For an infant school, enrichment should be judged by relevance and accessibility rather than sheer volume. Here, the external evidence gives unusually specific examples. The inspection report describes an impressive range of lunchtime and after-school clubs, naming athletics, dance, and a mathematics club. It also notes practical life-skills opportunities such as cycling, baking, and sewing, plus bushcraft lessons.
The same evidence mentions educational visits including theatre visits, trips to a local wildlife park, and even a visit on a train that pupils talked about with enthusiasm. These details matter because they point to a curriculum and enrichment offer that gets children beyond the classroom early, which tends to build vocabulary, background knowledge, and confidence.

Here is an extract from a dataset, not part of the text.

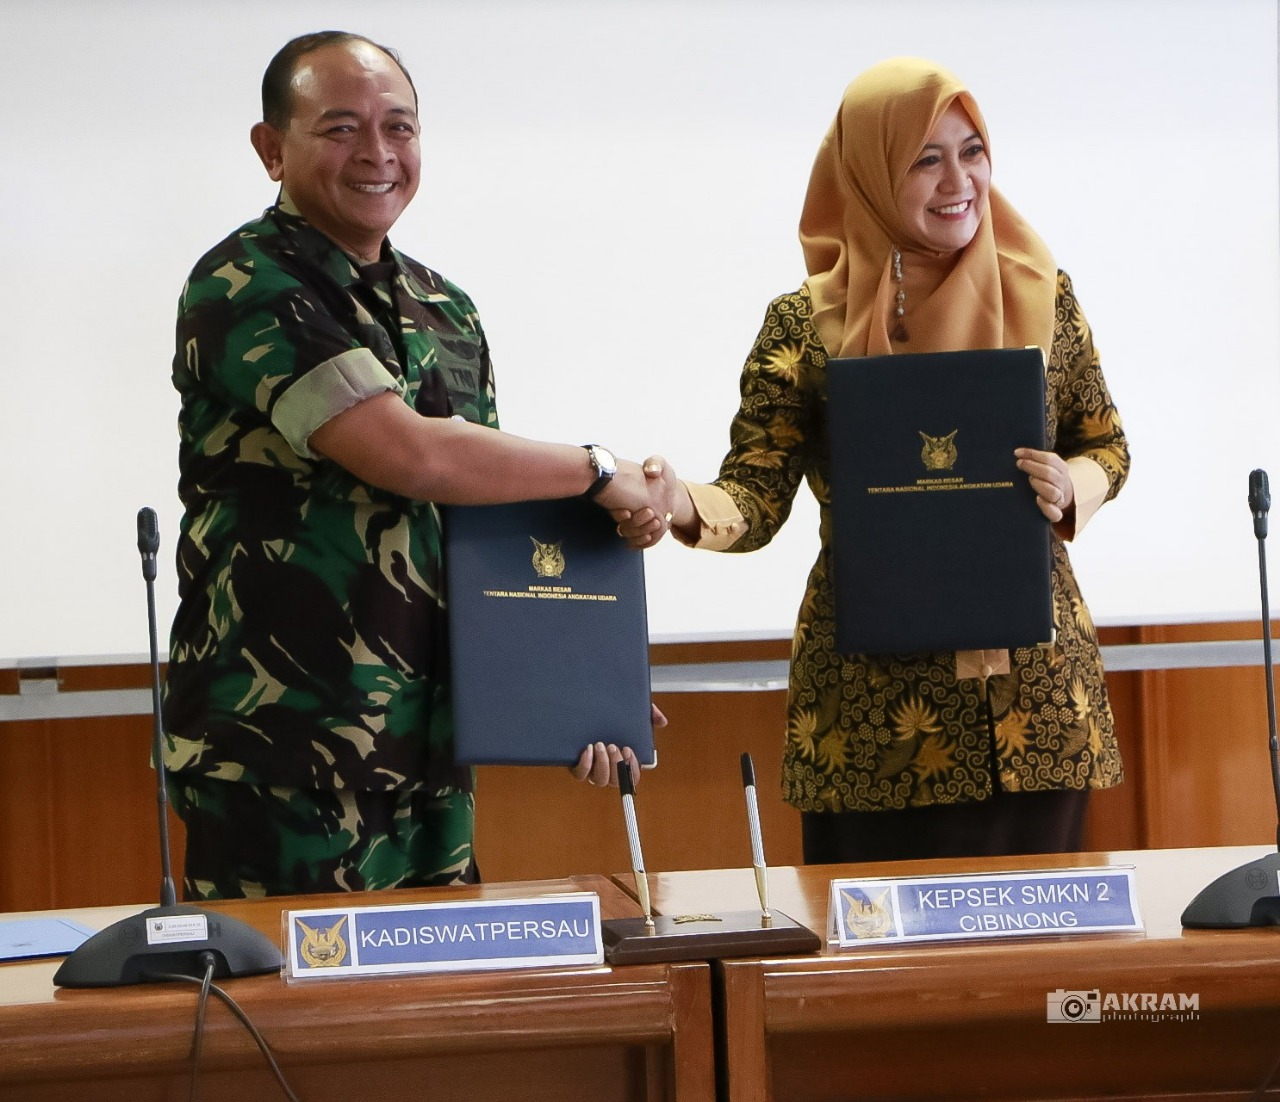 Kerjasama antara TNI Angkatan Udara dengan SMKN 2 Cibinong

Leadership and pupil voice opportunities also appear early. Older pupils are described as proud to be members of the school council and as reading buddies for younger pupils. The school’s own description of school council frames it as a representative group helping to make decisions about school life and organise projects such as charity events and representing the school with visitors. For parents, that is a sign that responsibility is taught in age-appropriate ways, not saved for Year 6.
The school day is clearly structured. The schools’ published information states that doors open at 8:45 and the infant school day ends at 3:15, with 32.5 hours of school each week.

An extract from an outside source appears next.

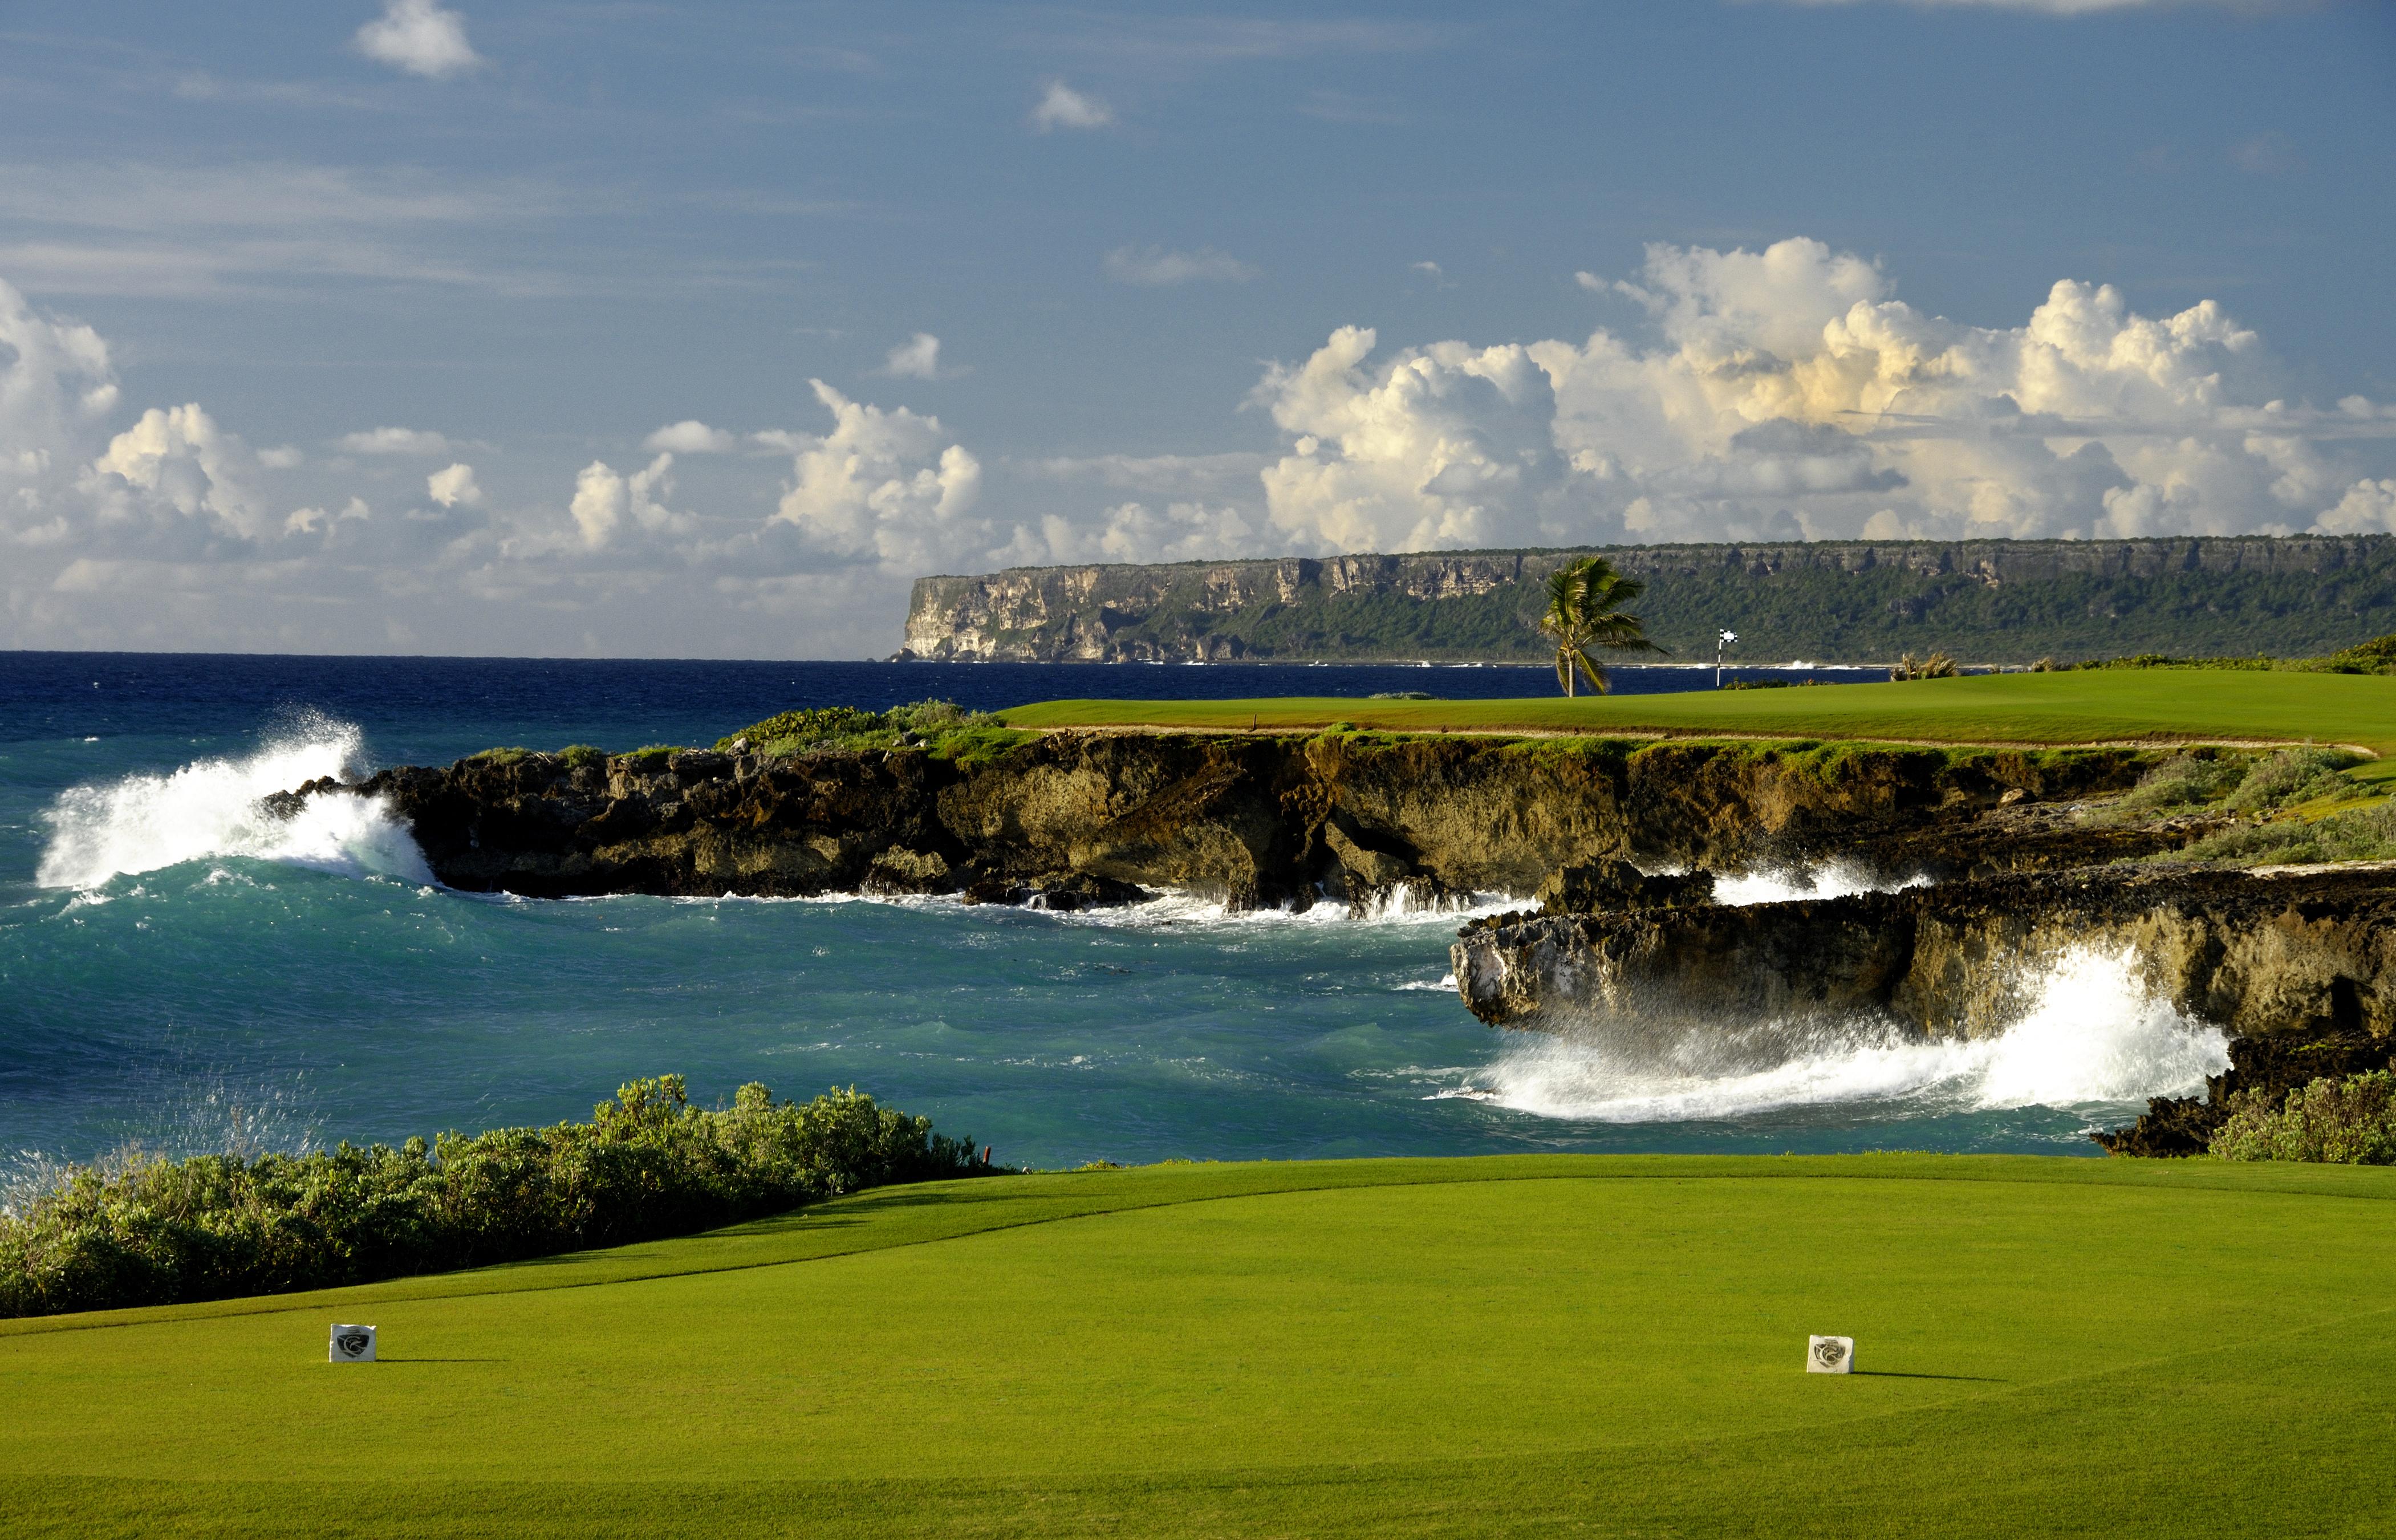 No. 13 at Punta Espada Golf Club at Cap Cana Resortt in the Dominican Republic.

Wraparound care is available via the school’s out-of-school provision. The published information lists breakfast club from 7:30am to 8:45am at £6.50 per session (including breakfast) and after-school club from 3:15pm or 3:30pm to 6:00pm at £10.50 per session (including a light snack).
For travel, this is a village setting within the Holmfirth area. Families typically think about school runs for walkability and parking pressure at drop-off and pick-up. Where possible, do a trial run at the relevant times, and if you are considering wraparound care, factor in how the earlier start or later finish changes traffic and parking patterns.
Oversubscription pressure. With 64 applications for 30 offers in the available admissions data, entry looks competitive. Families should read the oversubscription criteria carefully and plan a second choice they would also be happy with.
A short runway to the next transition. An infant school experience is only three years. If you want a seamless 4 to 11 journey, pay attention to how transition into the junior school is structured, and ask how the curriculum and behaviour expectations connect across the two settings.
High expectations can feel intense for some children. The external evidence describes very high expectations and exemplary behaviour. Many children thrive with that clarity; a minority need time and careful support to adjust, particularly in Reception.
New Mill Infant School offers a highly structured, well-led start to primary education, with early reading, behaviour, and personal development all described as strengths in the most recent external evidence. It suits families who want clear routines, strong early literacy, and a school culture where kindness and responsibility are taught explicitly. The limiting factor for many will be admission, not day-to-day quality.
The most recent inspection outcome is Outstanding, with Outstanding judgements across quality of education, behaviour and attitudes, personal development, leadership and management, and early years provision. Safeguarding was judged effective.
Applications are made through Kirklees using the online admissions process. The school’s published guidance states that applications are made between 1 September and the closing date of 15 January for the relevant intake year.
Yes. The school’s out-of-school provision lists breakfast club from 7:30am to 8:45am (£6.50 per session, including breakfast) and after-school club from 3:15pm or 3:30pm to 6:00pm (£10.50 per session, including a light snack).
The published information for the New Mill schools states that doors open at 8:45 and the infant school day ends at 3:15, with 32.5 hours of school each week.